"Nak, mereka yang benar-benar menyayangimu tidak akan pernah merasa benar-benar tersiksa. Karena dengan bersama orang yang mereka sayangilah mereka merasa hidup."
Seperti itulah isi di dalam hati Anayati untuk anak satu-satunya.
"Tapi, Bu, aku tidak ingin serakah," bantah Renjana. Sekonyong-konyong, dia membuka mata. Pilu di dalam hati Anayati menjadi menatap sorot matanya yang tak bernyawa. Sayang, kemampuannya untuk menahan air mata tak lagi bisa diandalkan. Wanita itu cepat-cepat mengusap sudut matanya.

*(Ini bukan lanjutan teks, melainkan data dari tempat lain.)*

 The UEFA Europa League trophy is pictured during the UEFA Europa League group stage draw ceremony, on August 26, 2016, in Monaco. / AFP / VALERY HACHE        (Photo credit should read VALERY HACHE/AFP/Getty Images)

"Kalau begitu, tidak apa-apa," ujar Anayati dengan suara serak menahan tangis. "Kalau menjadi serakah sangat memberatkan kamu, Ibu akan ikhlas, Sayang. Ibu tidak akan menuntut apapun."

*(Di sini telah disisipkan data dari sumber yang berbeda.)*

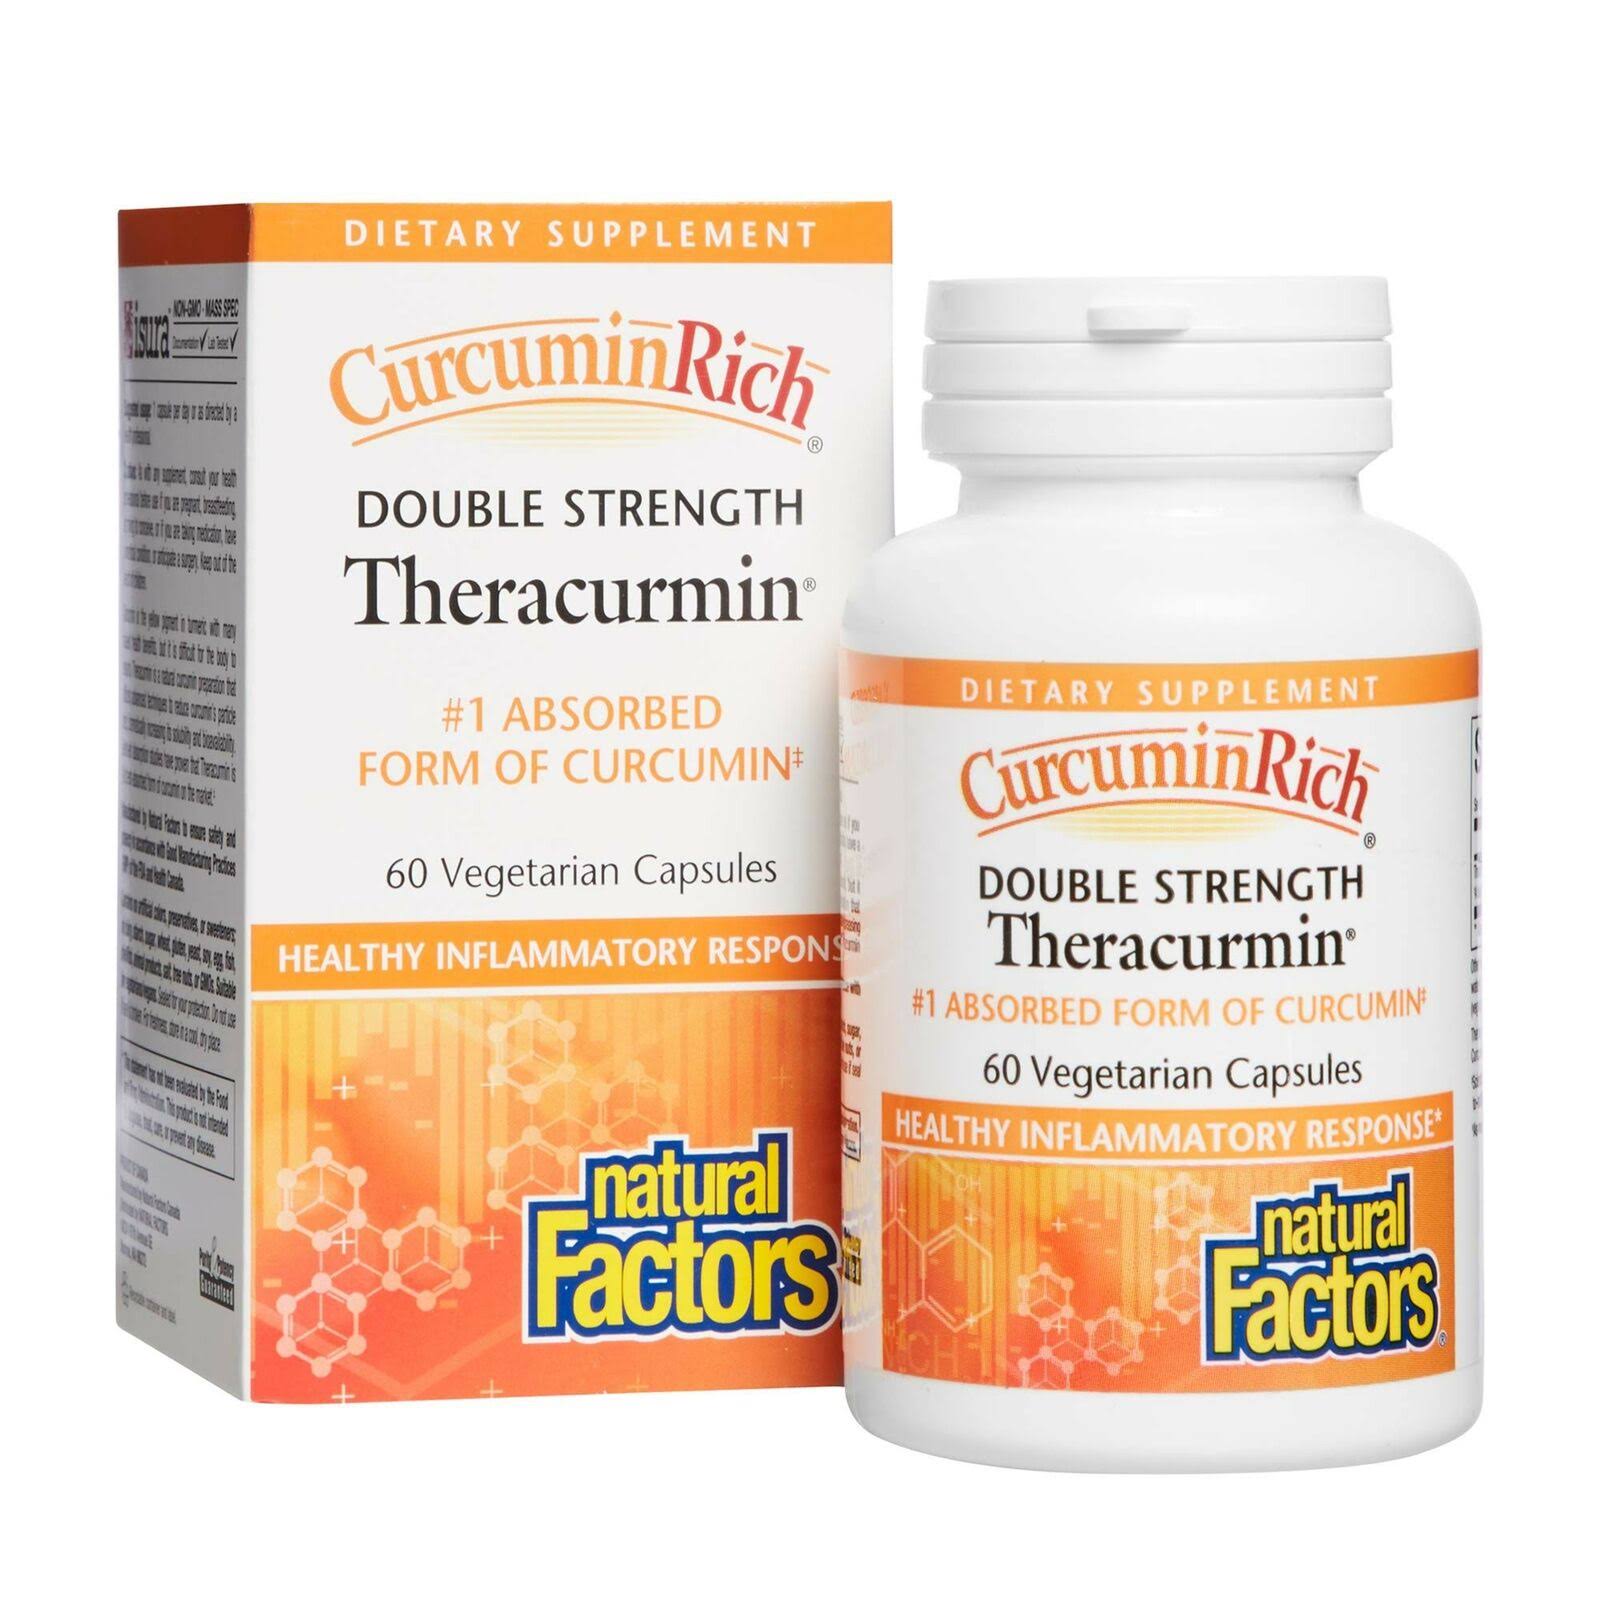 CurcuminRich Double Strength Theracurmin Supplement - 60 Count

"Ayah juga pasti setuju denganku, kan?"
Anayati hanya mengangguk. Andai Anayati setegar Raiz, barangkali dia bisa merangkai kata-kata yang bisa dibawa Renjana sebagai hadiah perpisahan.
Renjana memejamkan matanya kembali. Deru nafasnya pendek, tetapi tidak tersenggal. Dalam pejam matanya, gadis itu menyebutkan satu-satu keinginannya. Semua yang akan dikabulkan Anayati dengan kucuran air mata.
"Bu, aku juga tidak ingin sekolah lagi."
"Aku juga tidak akan menulis lagi."
"Aku mau tinggal di sini selamanya, Bu."
"Jangan lupa belikan aku gaun putih, ya, Bu. Aku mau memakainya di hari lebaran tahun depan."